John Galsworthy died from a brain tumour.

Т. S. Eliot

Thomas Stearns Eliot (September 26, 1888 — January 4,1965), was a major Mod­ernist Anglo-American poet, dramatist, and literary critic.

Eliot was born into a prominent Missouri family; his fifth cousin, Tom Eliot, was Chancellor of Washington University, and his grandfather, William Greenleaf Eliot, was the school's founder.

During the years 1898—1905 Eliot was a day student at Saint Louis' Smith Academy, a preparatory school for Washington Univer­sity. Even this early Eliot was studying Lat­in, Greek, French and German. Then his parents sent him to Milton Academy near Boston where he spent the next school year. The years 1906—1909 were spent at Harvard where he earned his master's degree. In the 1910—1911 school year Eliot lived in Paris, doing some studying at the Sorbonne and some touring of the continent. He returned to Harvard in 1911.

When World War I started, he went to London and then to the uni­versity. In the summer of 1915, he married and after a short visit to the U.S. to meet with his family (not taking his wife) he took a few teaching jobs. He continued to work on his doctoral thesis, and in 1964 the thesis was finally published as "Knowledge and Experience in the Philosophy of F.H.Bradley".

Eliot made his life and literary career in Britain.

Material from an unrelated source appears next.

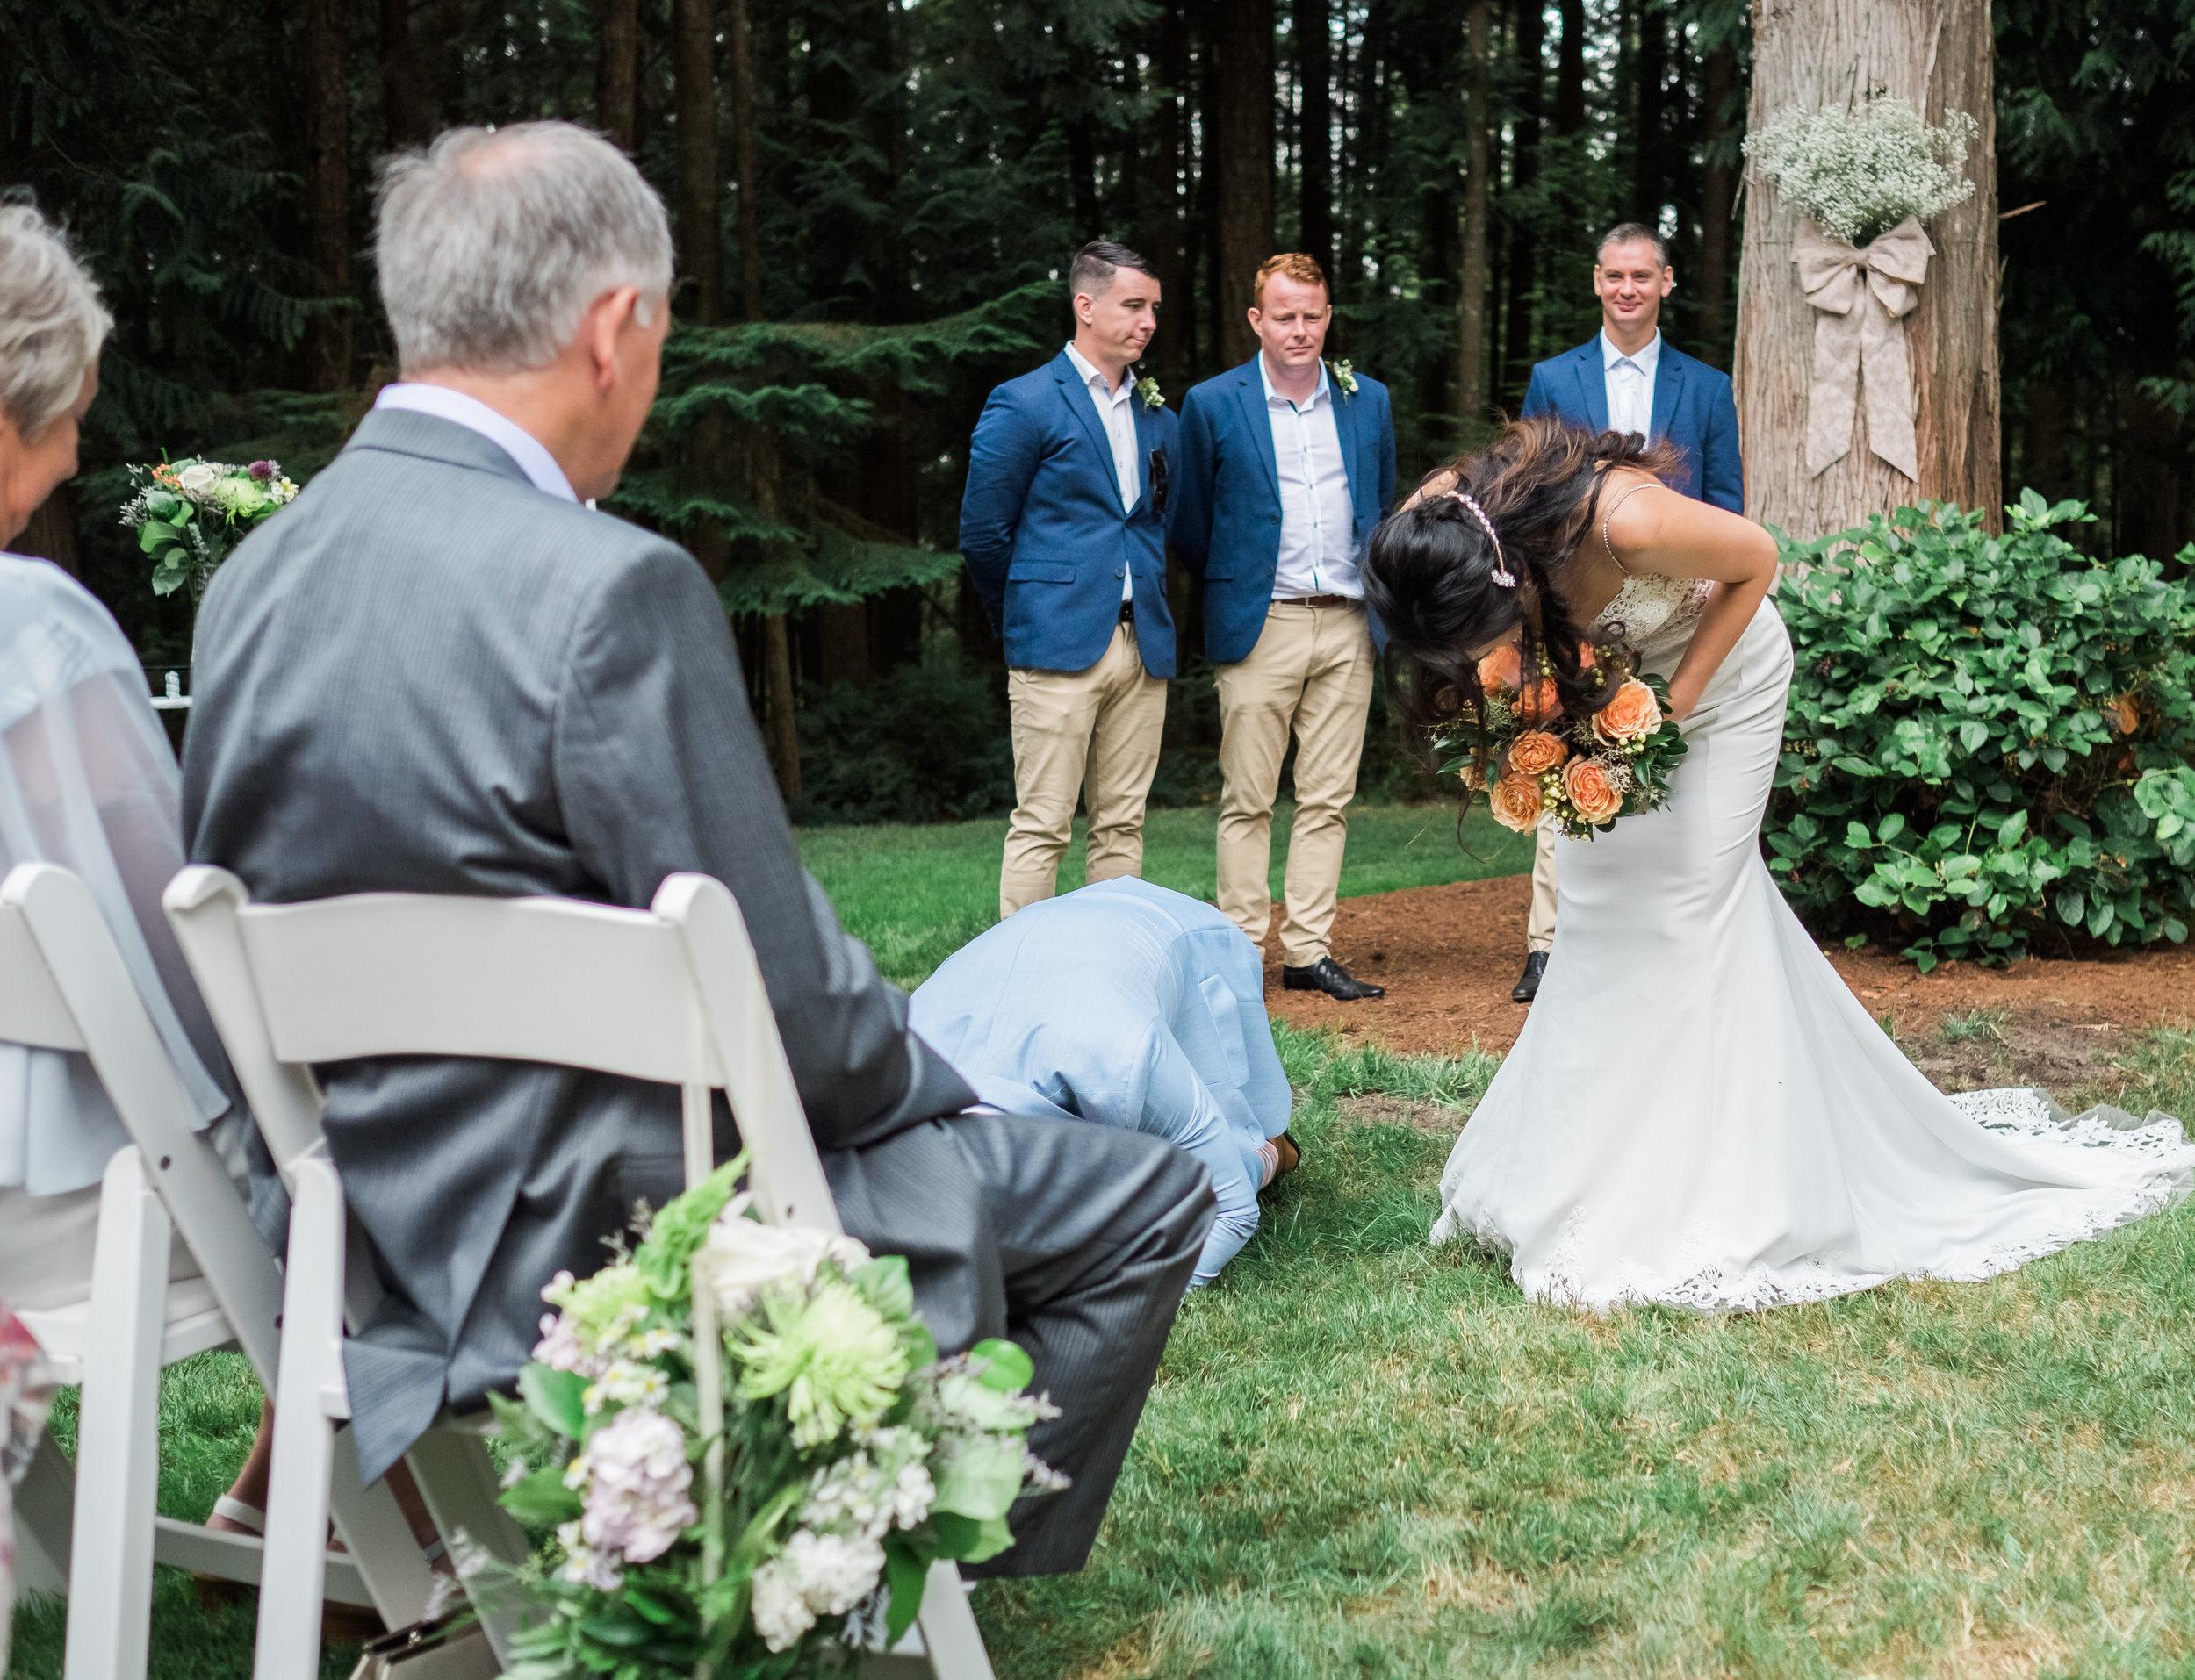 Linwood House Wedding Photos - Roberts Creek Wedding Photos - Vancouver Wedding Photographer & Videographer - Sunshine Coast Wedding Photos - Sunshine Coast Wedding Photographer - Jennifer Picard Photography - DSCF9093.jpg

Literary success came in 1915, he published his poem "The Love Song of J. Alfred Prufrock". In October 1922, Eliot published the long poem "The Waste Land", which became one of the principal examples of a new trend in English poetry and came to represent the disillusionment of the post-World War I generation.

In 1927 Eliot took British citizenship and converted to Anglicanism. Eliot's later work, following his conversion, is often but by no means exclusively religious in nature, but it also attempts to preserve historical English values which Eliot thought important. This period includes such works as "Ash Wednesday", "The Journey of the Magi", and "Four Quar­tets". Eliot considered "Four Quartets" to be his masterpiece, as it draws upon his vast knowledge of mysticism and philosophy.

Eliot's plays, mostly in verse, include "Murder in the Cathedral" (1935), "The Family Reunion" (1939), "The Cocktail Party" (1949), “The Confidental Clerk" (1953), "The Elder Statesman" (1958).

On November 4,1948, he was awarded the Nobel Prize in Literature “for his outstanding, pioneer contribution to present-day poetry".

Eliot's second marriage was happy though short. On January 10,1957 he married Valerie Fletcher. Valerie was 38 years younger than her husband and the years of her widowhood have been spend preserving his legасу; she has edited and annotated "The Letters of T.S. Eliot".

Eliot died of emphysema in London on January 4, 1965. For many years he had health problems due to his heavy smoking. After his death, his body was cremated and, according to Eliot's wishes, the ashes taken to St Michael's Church in East Coker, the village from which Eliot's ancestors emigrated to America. On the second anniversary of his death a large stone placed on the floor of Poets' Corner in London's Westminster Abbey was dedicated to Eliot.